Combine multiple conditions:

python

from elasticsearch import Elasticsearch

es = Elasticsearch(['http://localhost:9200'])

# Complex boolean query
query = {
    "query": {
        "bool": {
            "must": [
                {"match": {"description": "engineer"}}
            ],
            "filter": [
                {"term": {"department": "Engineering"}},
                {"range": {"salary": {"gte": 75000}}}
            ],
            "should": [
                {"match": {"description": "Python"}},
                {"match": {"description": "Java"}}
            ],
            "minimum_should_match": 1
        }
    }
}

response = es.search(index='employees', body=query)

print("Engineers matching criteria:")
for hit in response['hits']['hits']:
    doc = hit['_source']
    print(f"{doc['first_name']} {doc['last_name']} - ${doc['salary']}")

Full-Text Search with Highlighting

python

from elasticsearch import Elasticsearch

es = Elasticsearch(['http://localhost:9200'])

# Search with highlighting
query = {
    "query": {
        "match": {
            "description": "software engineer"
        }
    },
    "highlight": {
        "fields": {
            "description": {}
        }
    }
}

response = es.search(index='employees', body=query)
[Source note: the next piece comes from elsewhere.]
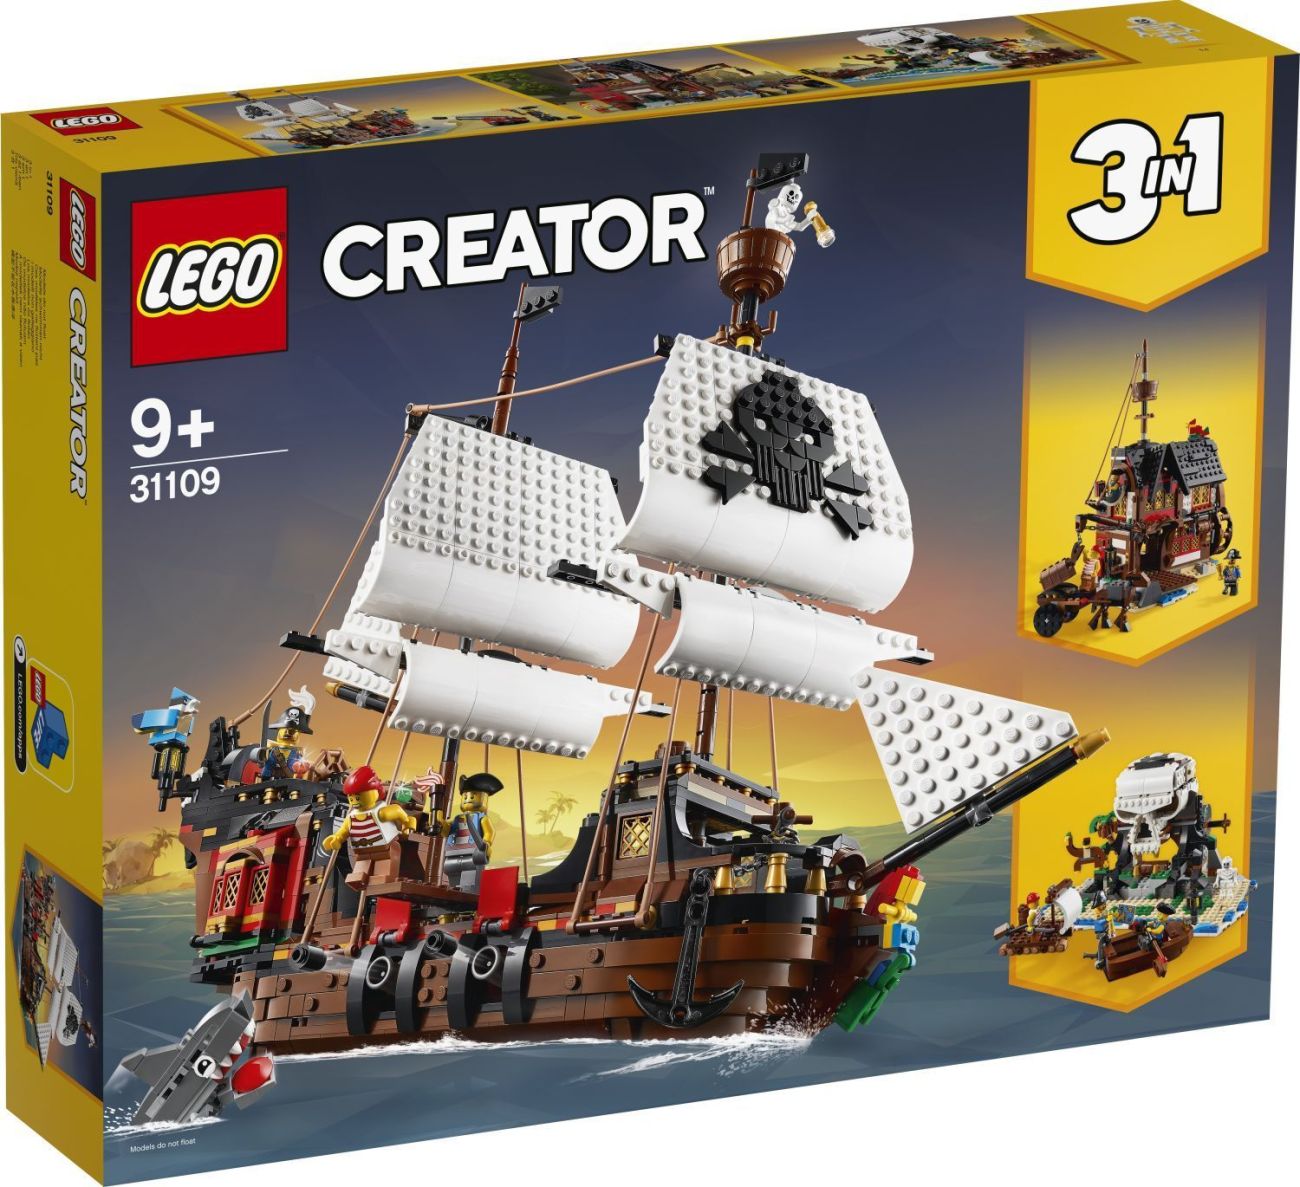 LEGO Creator 3in1 31109 – Piratenschiff (Pirate Ship)

for hit in response['hits']['hits']:
    doc = hit['_source']
    print(f"{doc['first_name']} {doc['last_name']}")
    
    if 'highlight' in hit:
        print(f"Highlighted: {hit['highlight']['description'][0]}\n")

Updating Documents

python

from elasticsearch import Elasticsearch

es = Elasticsearch(['http://localhost:9200'])

# Update specific fields
update_body = {
    "doc": {
        "salary": 85000.00,
        "department": "Senior Engineering"
    }
}

response = es.update(index='employees', id=1, body=update_body)

print(f"Document updated: {response['result']}")

# Update with script
script_body = {
    "script": {
        "source": "ctx._source.salary += params.raise_amount",
        "params": {
            "raise_amount": 5000
        }
    }
}

response = es.update(index='employees', id=1, body=script_body)
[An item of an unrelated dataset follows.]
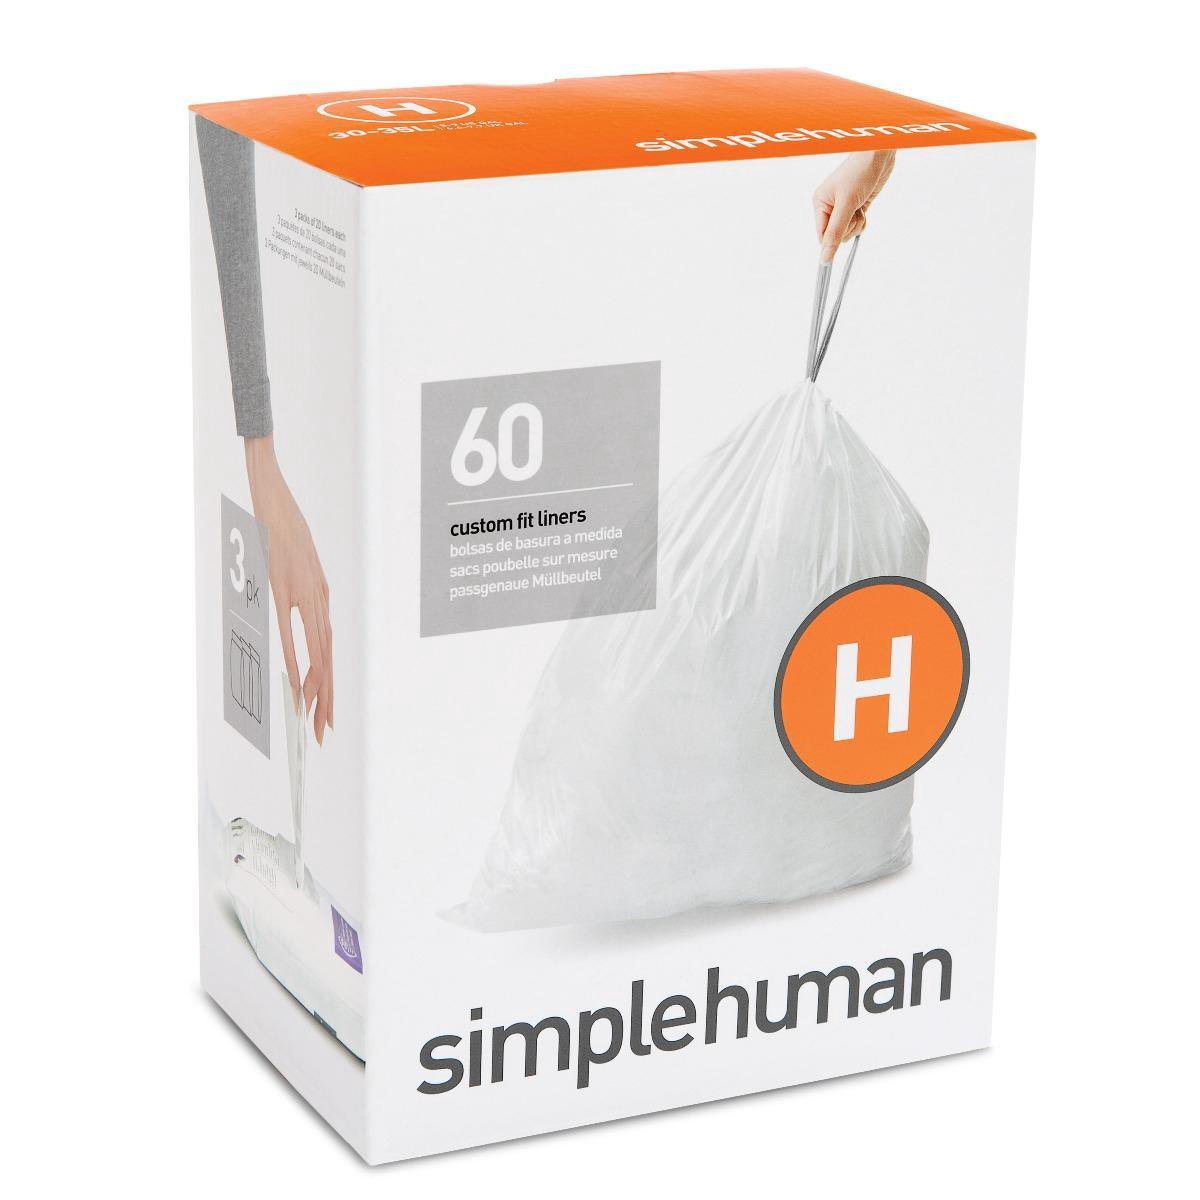 Simplehuman Vuilniszakken Code H - 30-35 Liter (60 stuks)

print(f"Salary updated via script: {response['result']}")

Deleting Documents

python

from elasticsearch import Elasticsearch

es = Elasticsearch(['http://localhost:9200'])

# Delete by ID
response = es.delete(index='employees', id=10)
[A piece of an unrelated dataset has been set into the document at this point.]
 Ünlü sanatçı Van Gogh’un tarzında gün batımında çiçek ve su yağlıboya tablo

print(f"Document deleted: {response['result']}")

# Delete by query
delete_query = {
    "query": {
        "term": {
            "department": "Sales"
        }
    }
}

response = es.delete_by_query(index='employees', body=delete_query)

print(f"Deleted {response['deleted']} documents")

Aggregations

Elasticsearch provides powerful aggregation capabilities:

python

from elasticsearch import Elasticsearch

es = Elasticsearch(['http://localhost:9200'])

# Statistics aggregation
agg_body = {
    "size": 0,
    "aggs": {
        "by_department": {
            "terms": {
                "field": "department"
            },
            "aggs": {
                "avg_salary": {
                    "avg": {"field": "salary"}
                },
                "max_salary": {
                    "max": {"field": "salary"}
                },
                "min_salary": {
                    "min": {"field": "salary"}
                }
            }
        },
        "overall_stats": {
            "stats": {
                "field": "salary"
            }
        }
    }
}

response = es.search(index='employees', body=agg_body)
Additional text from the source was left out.